Abstract

Hepatitis C virus (HCV) infection is a significant public health problem with over 170,000,000 chronic carriers and infection rates increasing worldwide. Chronic HCV infection is one of the leading causes of hepatocellular carcinoma which was estimated to result in ∼10,000 deaths in the United States in the year 2011. Current treatment options for HCV infection are limited to PEG-ylated interferon alpha (IFN-α), the nucleoside ribavirin and the recently approved HCV protease inhibitors telaprevir and boceprevir.
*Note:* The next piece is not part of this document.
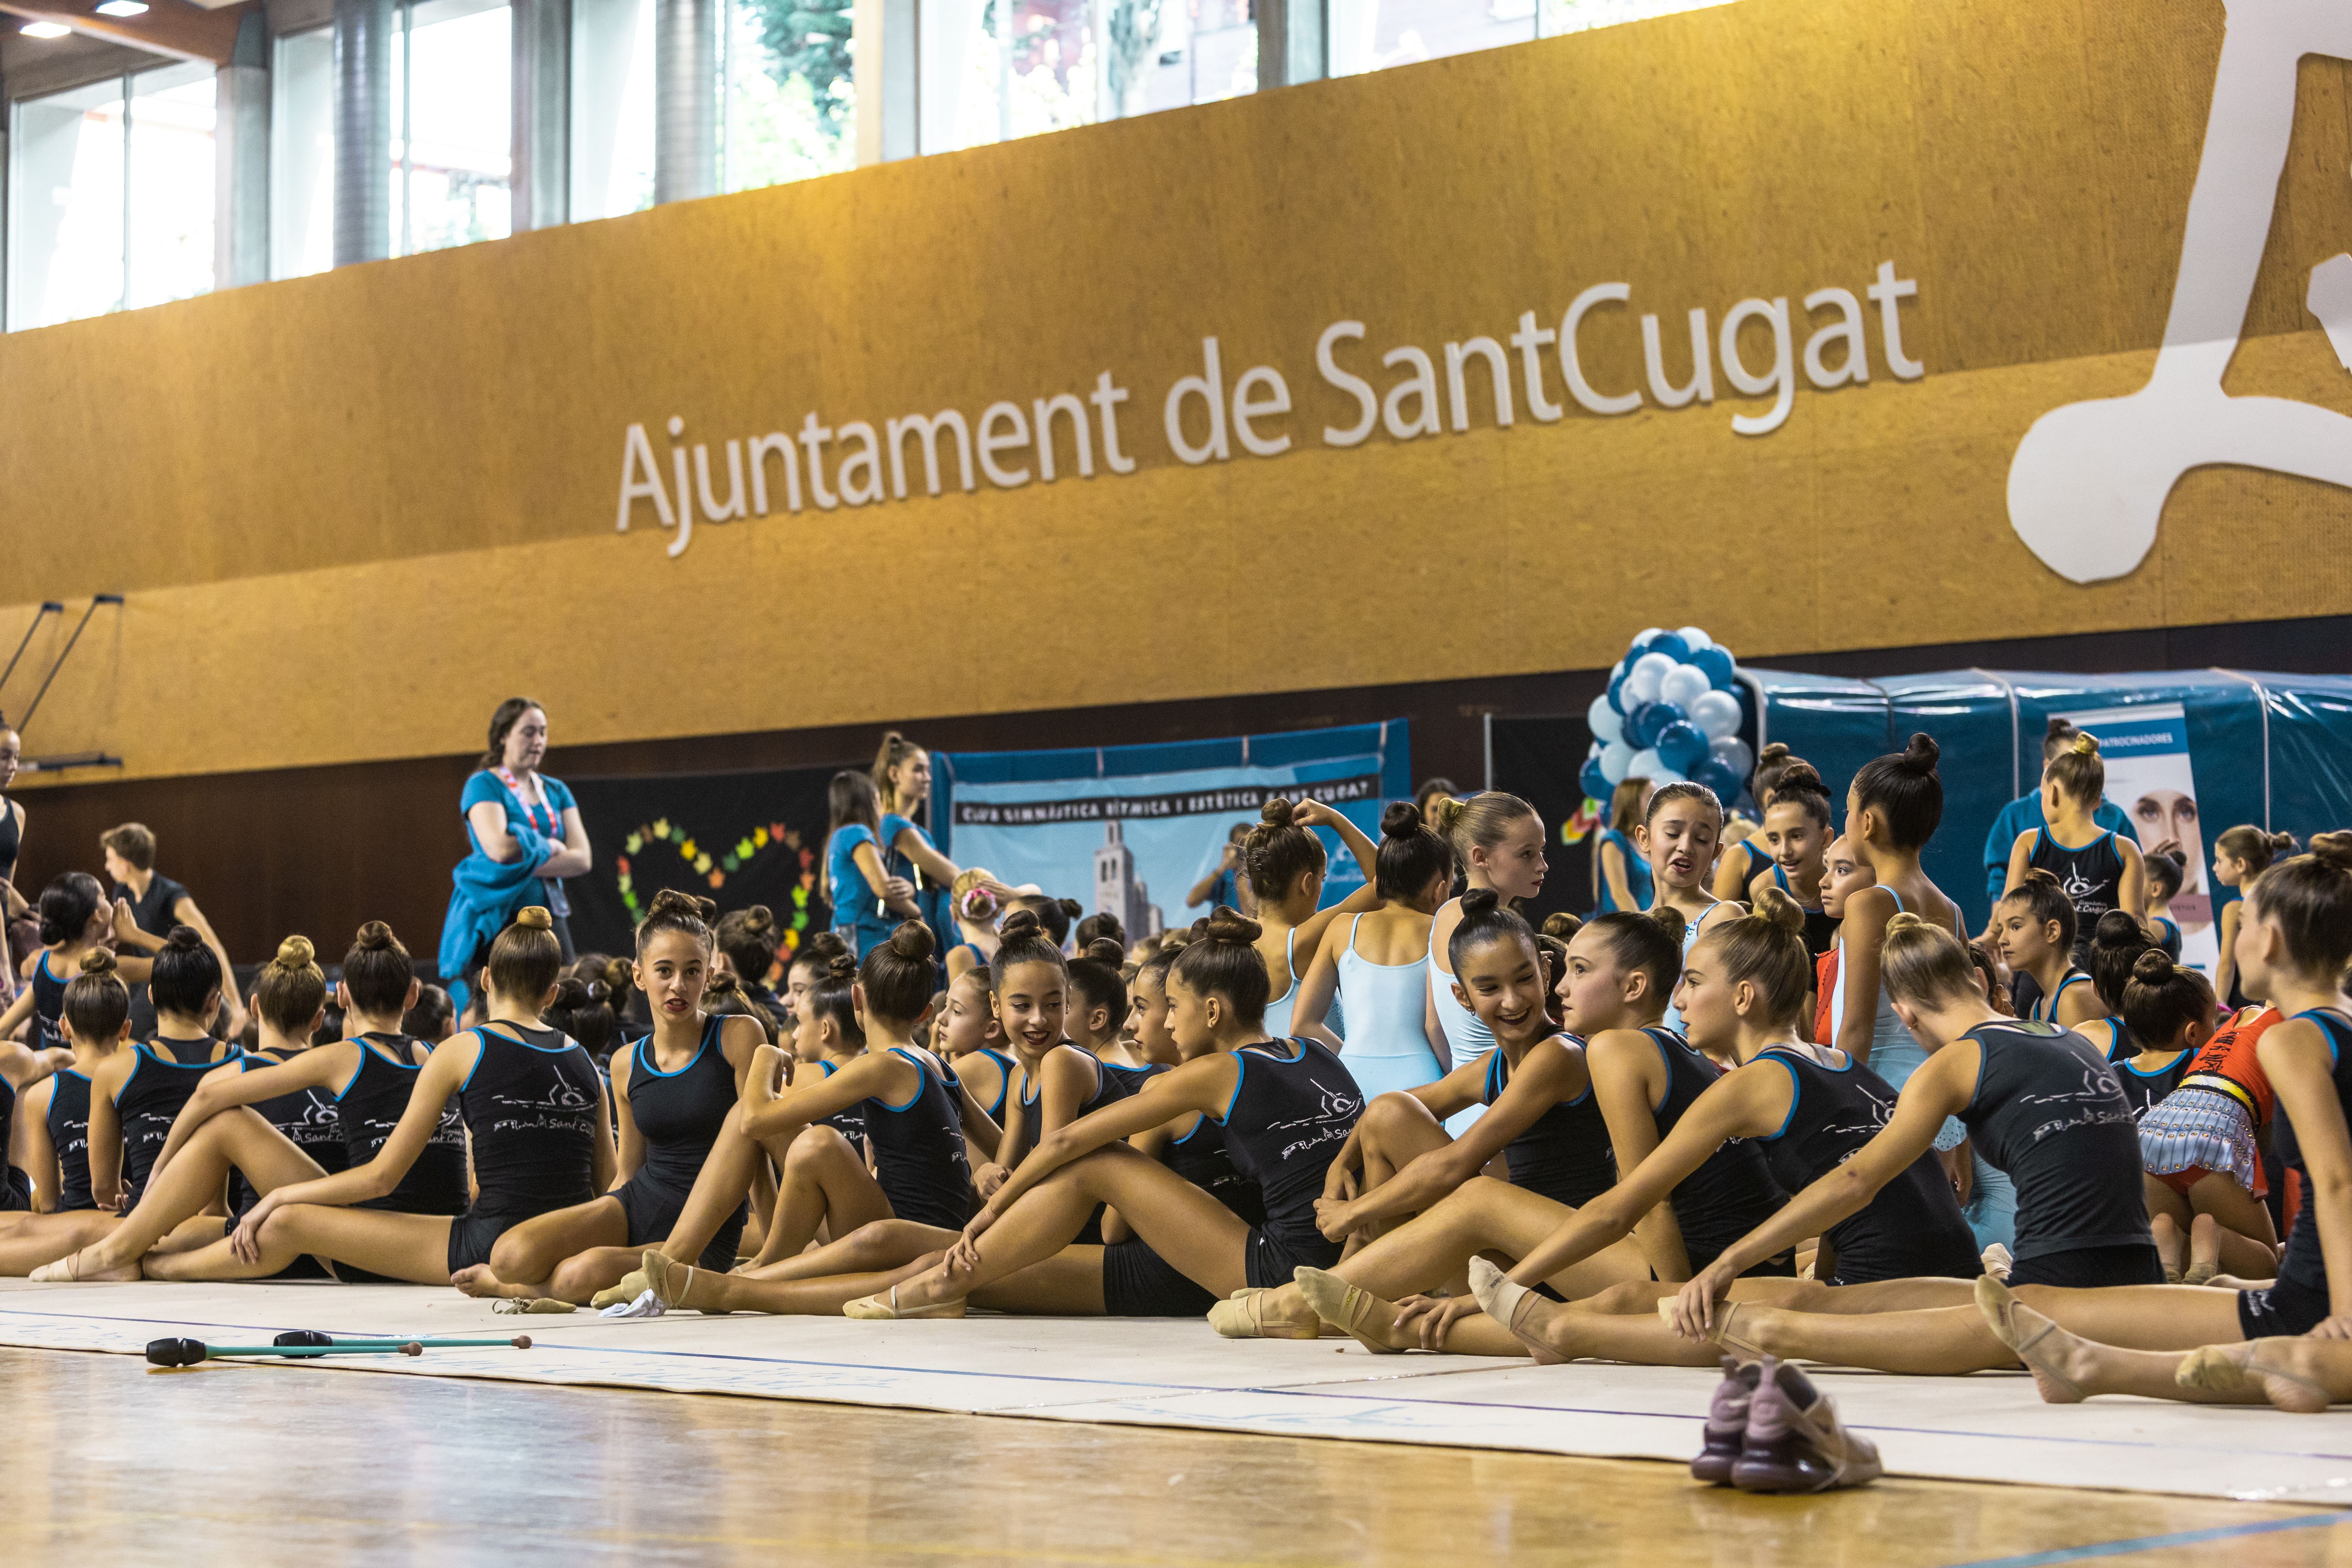 Presentació i exhibició dels equips del club i la selecció espnayola de gimnàstica. FOTO: Arnau Padilla

Although showing significantly improved efficacy over the previous therapies, treatment with protease inhibitors has been shown to result in the rapid emergence of drug-resistant virus. Here we report the activity of two proteins, originally isolated from natural product extracts, which demonstrate low or sub-nanomolar in vitro activity against both genotype I and genotype II HCV. These proteins inhibit viral infectivity, binding to the HCV envelope glycoproteins E1 and E2 and block viral entry into human hepatocytes. In addition, we demonstrate that the most potent of these agents, the protein griffithsin, is readily bioavailable after subcutaneous injection and shows significant in vivo efficacy in reducing HCV viral titers in a mouse model system with engrafted human hepatocytes. These results indicate that HCV viral entry inhibitors can be an effective component of anti-HCV therapy and that these proteins should be studied further for their therapeutic potential.

Highlights

  • The unique genus Hepacivirus contains only one species, commonly referred to as hepatitis C virus (HCV) [1]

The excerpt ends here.